Commercial Leasing Considerations for the Adult Use of Marijuana Act

Commercial Real Estate, Landlord/Tenant Disputes, and Legal Update by Peter N. Brewer, Esq.

This November, Californians will vote on Proposition 64, the “Adult Use of Marijuana Act” which will effectively legalize the recreational use of marijuana to people over age 21.

California’s Marijuana Legalization Initiative enumerates extensive modifications to the state’s Business and Professions Code regarding the registration and licensing of retail marijuana businesses.

It has been a decade since California passed Proposition 215, legalizing the use of medical marijuana at the state level.  Since then, property owners have faced a host of concerns in leasing to medical marijuana businesses.  Marijuana remains illegal under federal law, and the specter of federal seizure remains even in jurisdictions where it is legal at the state level.  Very reasonably so, landlords did not want to run the risk of forfeiture by being tied to drug trafficking.

Additionally, given the high level of risk, marijuana dispensaries paid well above market rates (already expensive in California) to have space.  These businesses are also cash businesses, which meant not only increased security concerns at the property, but also that the landlord and vendors and employees would likely need to be paid in cash.   Banks also then had to file suspicious activity reports for anyone depositing such large sums of cash, which could include the landlord.

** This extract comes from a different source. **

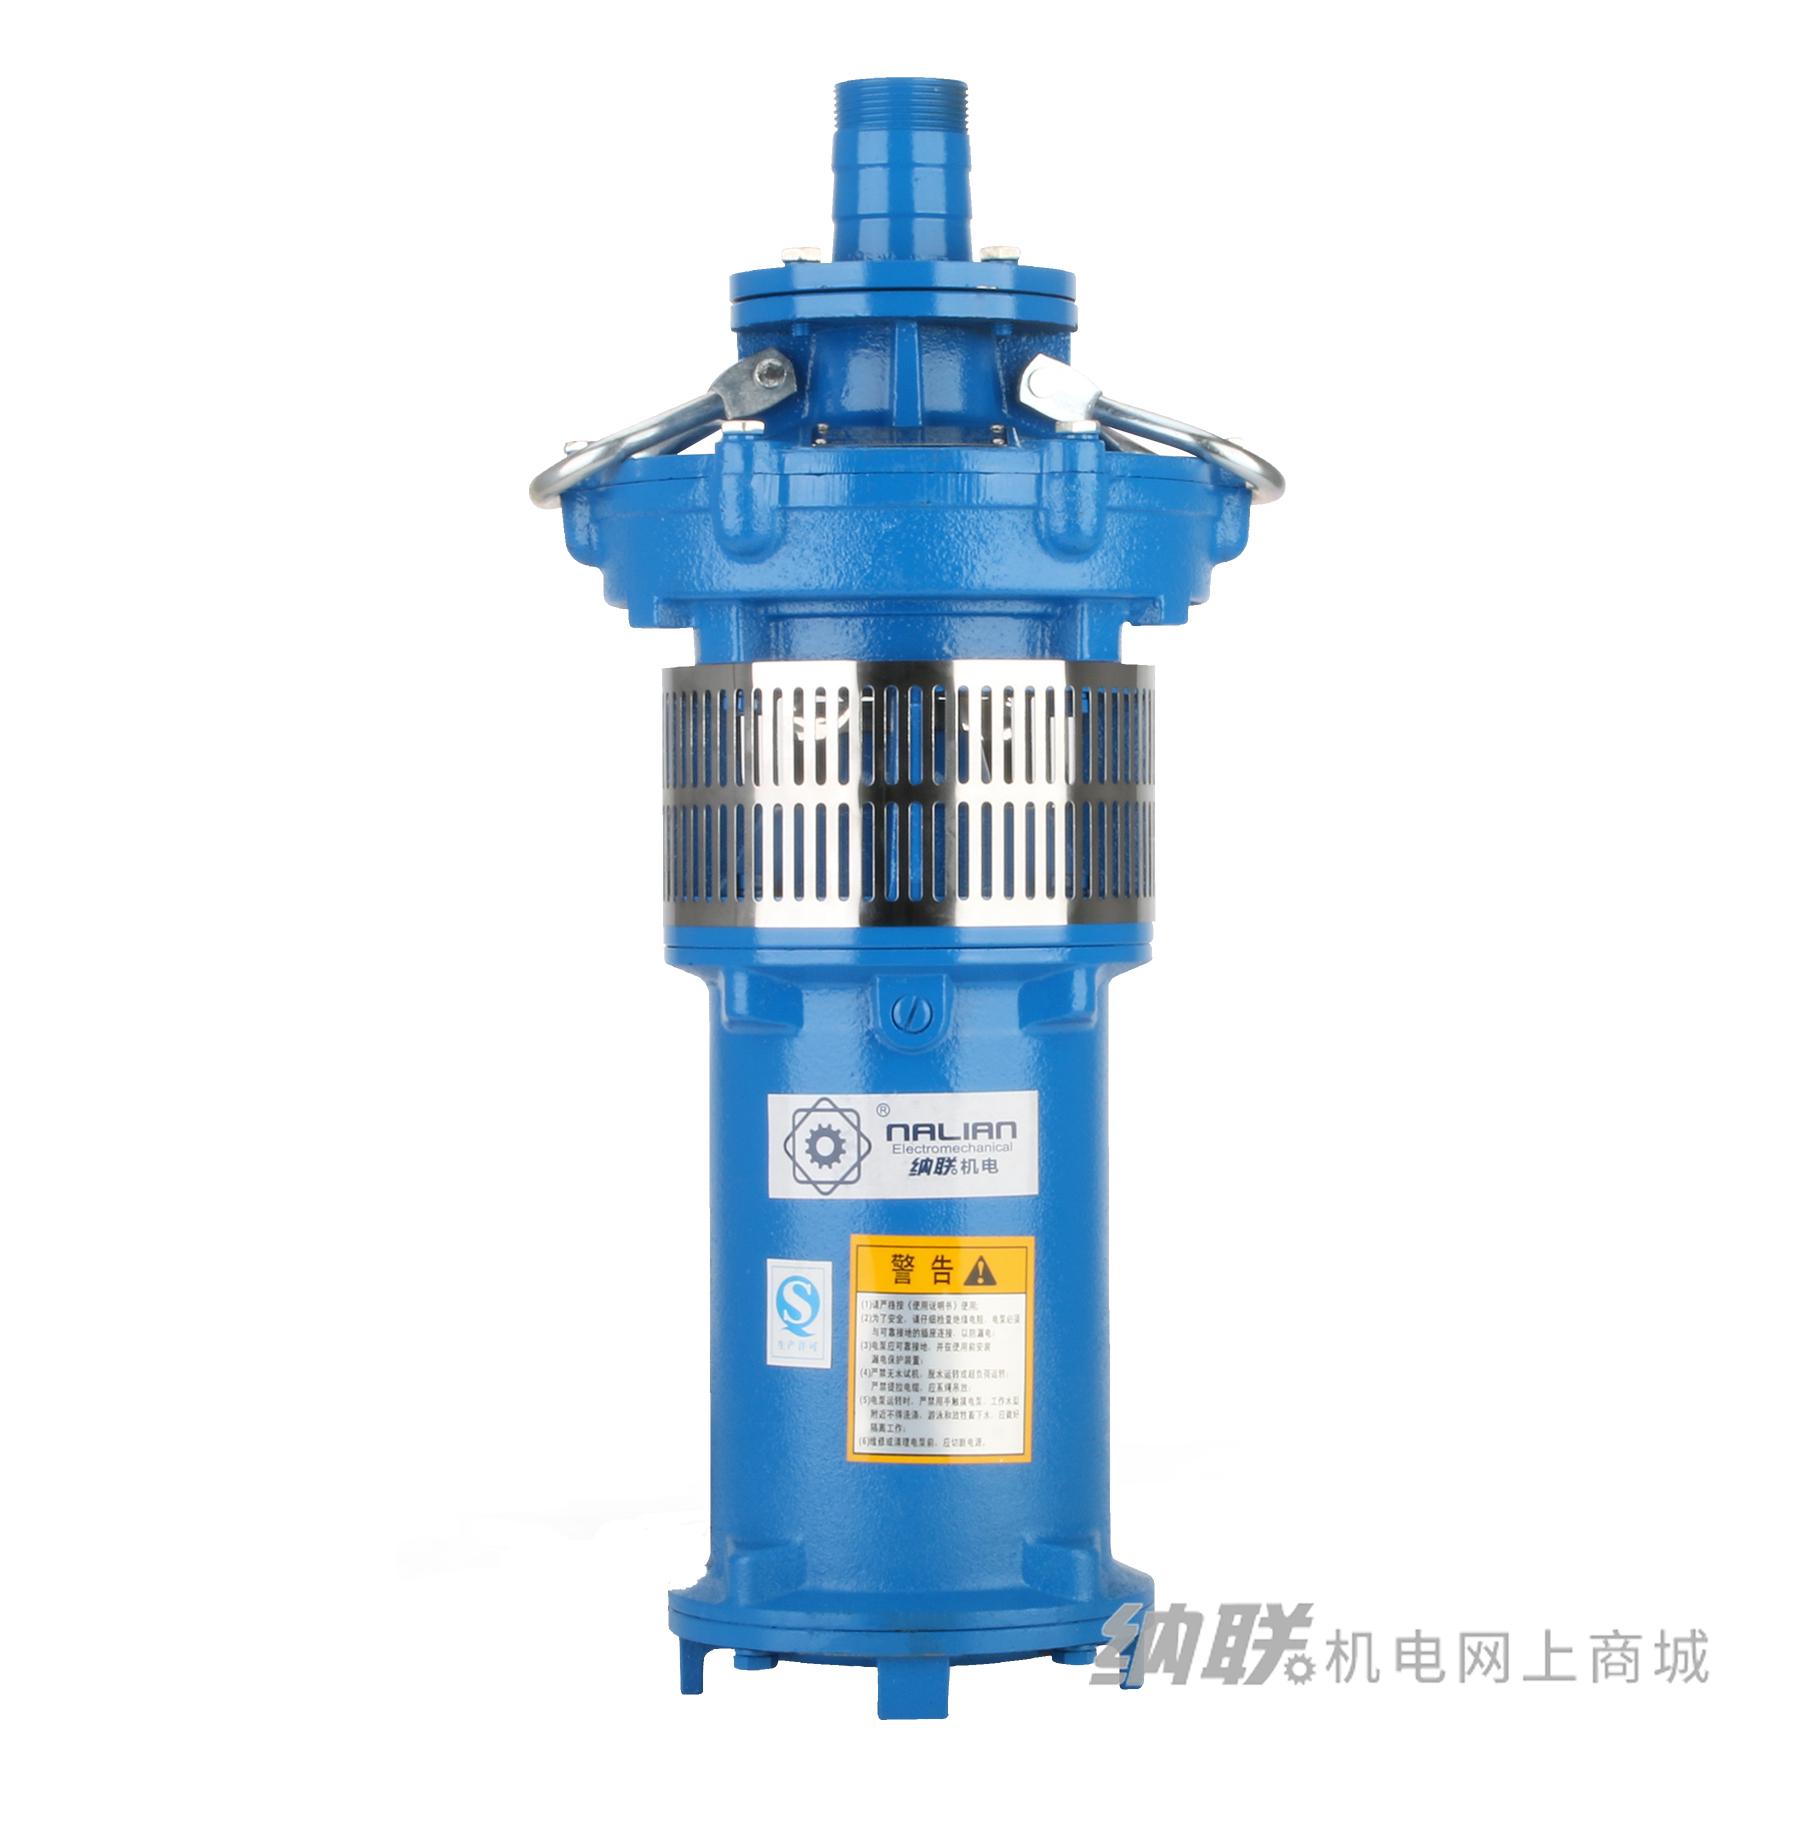 纳联机电 油浸泵-65QY25-26-3三铜

To work around these obstacles, marijuana enterprises often needed to buy a building outright and as they were not eligible to borrow from federally insured banks, the businesses often seek private money sources to finance the building.

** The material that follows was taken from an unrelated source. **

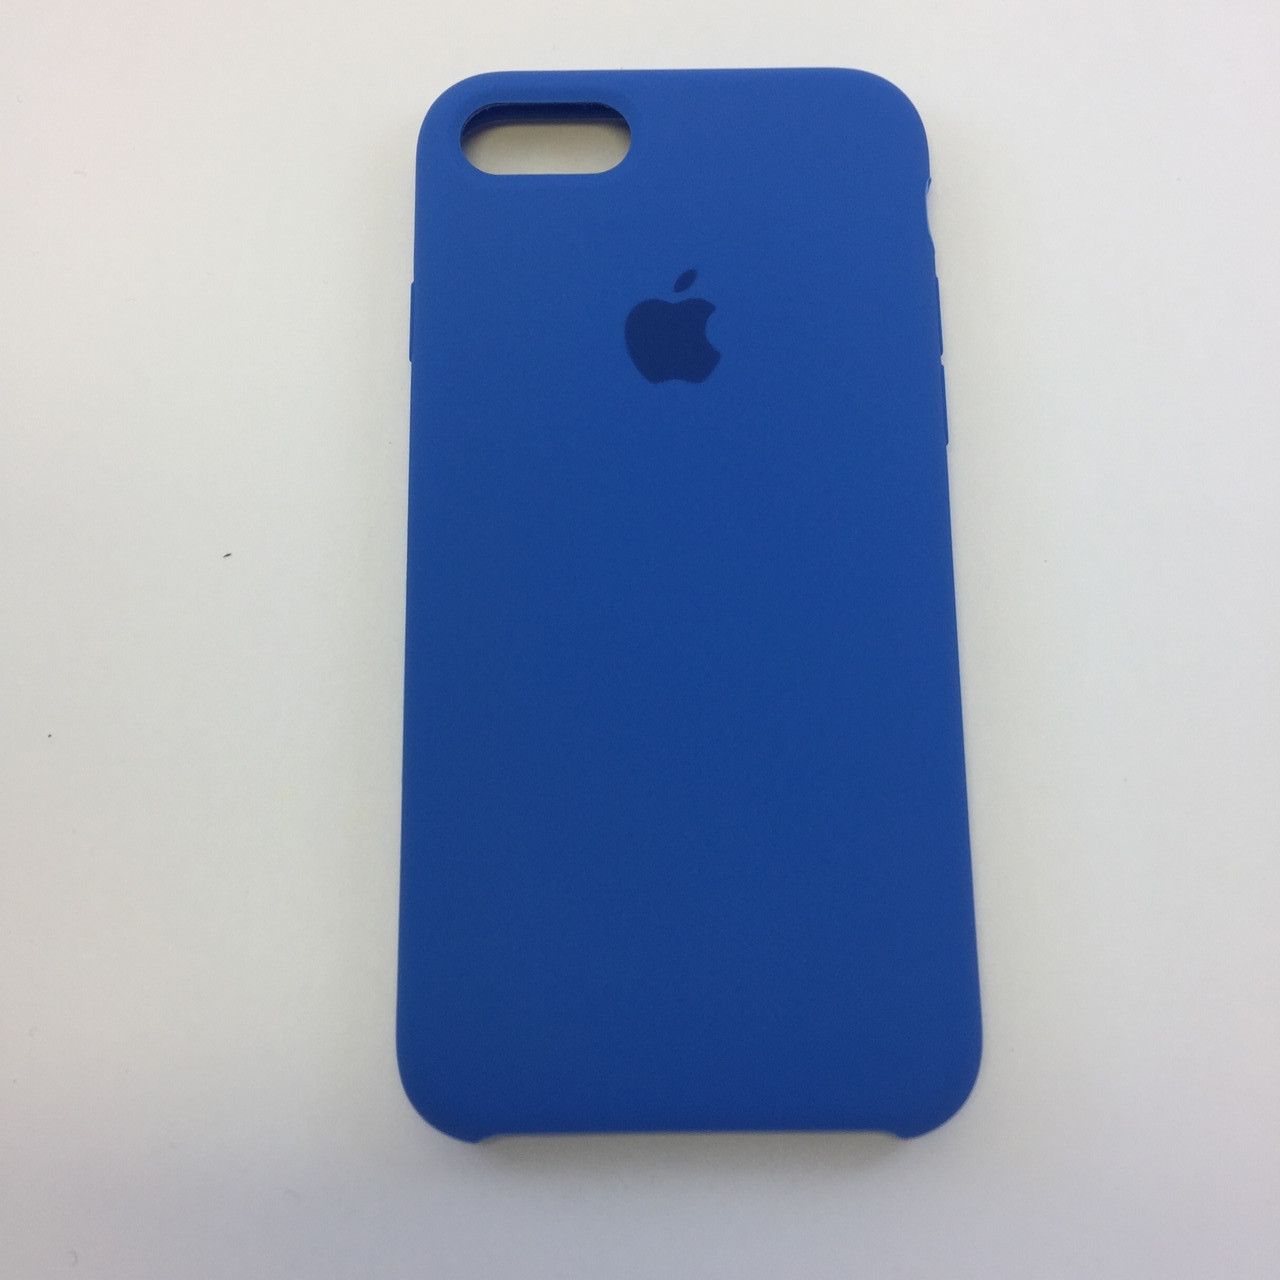 Силиконовый чехол для iPhone 8 Plus, - «небесно синий» - copy original

Most standard form leases are not sufficiently specific to deal with marijuana businesses as tenants.  For one thing, the lease provisions usually do not state the rent payments can be made in cash.  More importantly however, the leases all have a provision that requires the tenant to be in compliance with the law.  This covenant needs to be drafted in such a way to mandate compliance with state law and non-related marijuana federal law.

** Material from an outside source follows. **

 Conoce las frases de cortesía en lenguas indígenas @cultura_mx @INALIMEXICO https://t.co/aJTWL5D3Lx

Will any of these issues change under the passage of Proposition 64? It’s unclear.  The text of the bill is extremely long (full text here: https://www.oag.ca.gov/system/files/initiatives/pdfs/15-0103%20(Marijuana)_1.pdf? )

If passed, most of the bill’s provisions will go into effect in 2018.  One of the key things to watch is legislation at the city level. Section 3(d) of the Adult Use of Marijuana Act allows local governments to ban businesses that deal in the recreational pot business.